By Pam Martens and Russ Martens: December 6, 2019 ~
In advance of its December 4 hearing to question if federal bank regulators are adequately watching over the nation’s banks, the House Financial Services Committee issued a Memorandum on some of the key concerns. Buried on page three of the Memorandum was this bombshell:
“Concerns have been raised about federal financial regulators rubber stamping prior merger and acquisition applications. For example, based on data provided by the Federal Reserve, from January 1, 2006 through December 31, 2017, over 3,800 merger applications were submitted to the agency. During this eleven-year period, however, the Federal Reserve did not reject any merger application. On November 20, the Federal Reserve and FDIC granted approval of the merger between BB&T and SunTrust, creating the sixth-largest bank in the United States.”
What is not mentioned in that paragraph is that during that 11-year period, the biggest banks in the U.S. blew up the U.S. economy with subprime debt and reckless derivative bets and proved beyond question that big is not better when it comes to banking. The United States continues to suffer from its disastrous experiment in merging Wall Street trading casinos with Federally-insured banks via subpar economic growth since the financial crisis of 2008. The Atlanta Fed’s very reliable GDPNow is predicting just 1.5 percent GDP growth in the fourth quarter of 2019.
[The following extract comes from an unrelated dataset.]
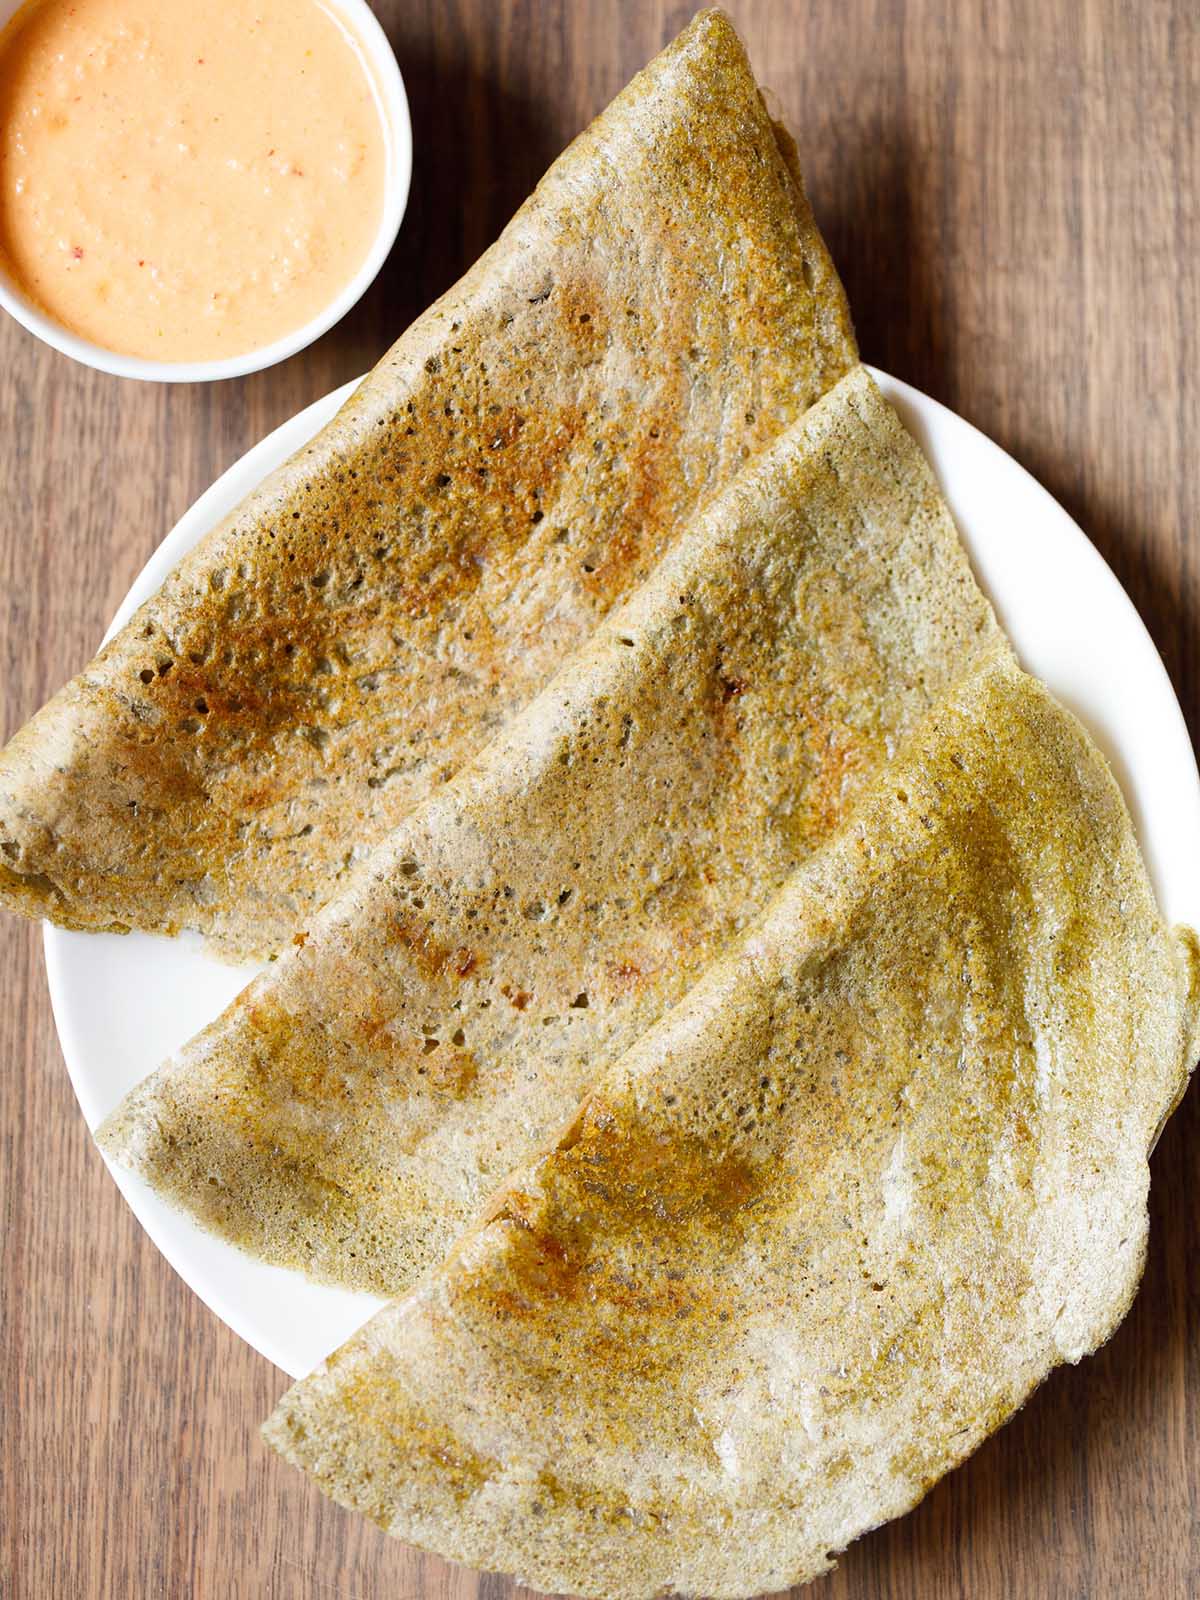 three pesarattu or moong dal dosa folded and kept on a white plate with a orange colored coconut chutney in a side bowl
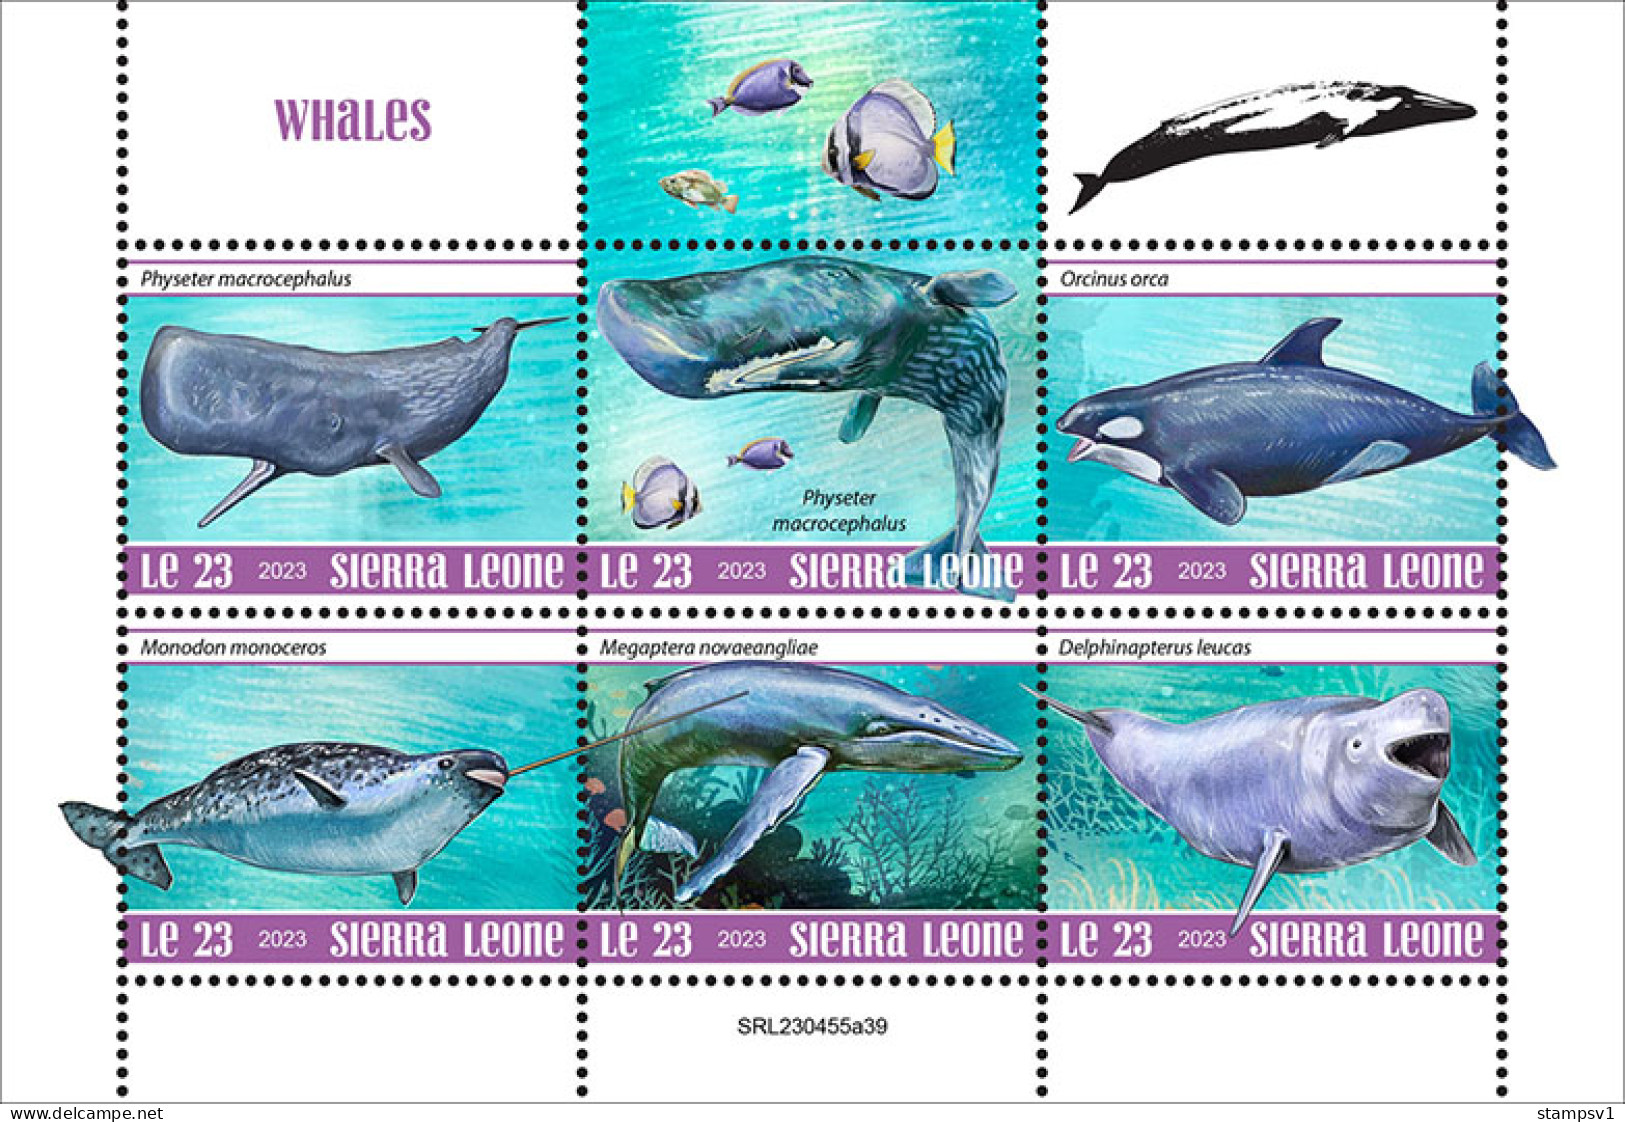 Sierra Leone  2023 Whales. (445a39) OFFICIAL ISSUE - Whales

By failing to reject any of these merger applications in more than a decade, the Federal Reserve has aided and abetted the too-big-to-fail banking model which threatens the financial stability of the U.S. By simultaneously being allowed by Congress to incompetently supervise these merged banking behemoths, the Federal Reserve poses a double threat to the safety and soundness of banking in the United States. And by also being allowed to electronically print money out of thin air to the tune of trillions of dollars to bail out these same banking monsters, the Fed has effectively seized control of the nation’s economic future, opting to mint billionaires at hedge funds and Wall Street banks while forcing the working class to go deeper into debt to survive and allowing the bridges, tunnels and roads of the country to go to hell in a handbasket for lack of funding.
By using its money-printing capability to aid the banks and the one percent who own the vast majority of stocks and bonds in the U.S., the Federal Reserve has directly contributed to the greatest wealth and income inequality that the U.S. has seen since the late 1920s – a period when deposit-taking banks were also allowed to be owned by Wall Street’s casino investment banks.
At the end of 1999, the year that the Clinton administration passed legislation to allow Wall Street’s casino investment banks to gobble up Federally-insured, deposit-taking banks, there were 10,220 federally insured banks and savings institutions in the United States. Today, that number stands at 5,213, a decline of 49 percent. Our data comes from the Federal Deposit Insurance Corporation (FDIC).
We looked at FDIC data to see if the sharp decline in the number of banks was from failures or mergers. We found that the vast majority of the decline resulted from banks being absorbed in mergers. By the end of 2005, six years after the Clinton administration had repealed the 66-year old Glass-Steagall Act which prevented mergers between Wall Street’s trading houses and Federally-insured banks, the U.S. still had 8,832 federally insured banking institutions. But in just that year alone, 315 banks were lost to mergers. By 2010, the number of U.S. banking institutions had dropped to 7,657 with 197 institutions absorbed that year through mergers. In years 2015, 2016 and 2017, there were a total of 786 federally insured banking institutions absorbed through mergers.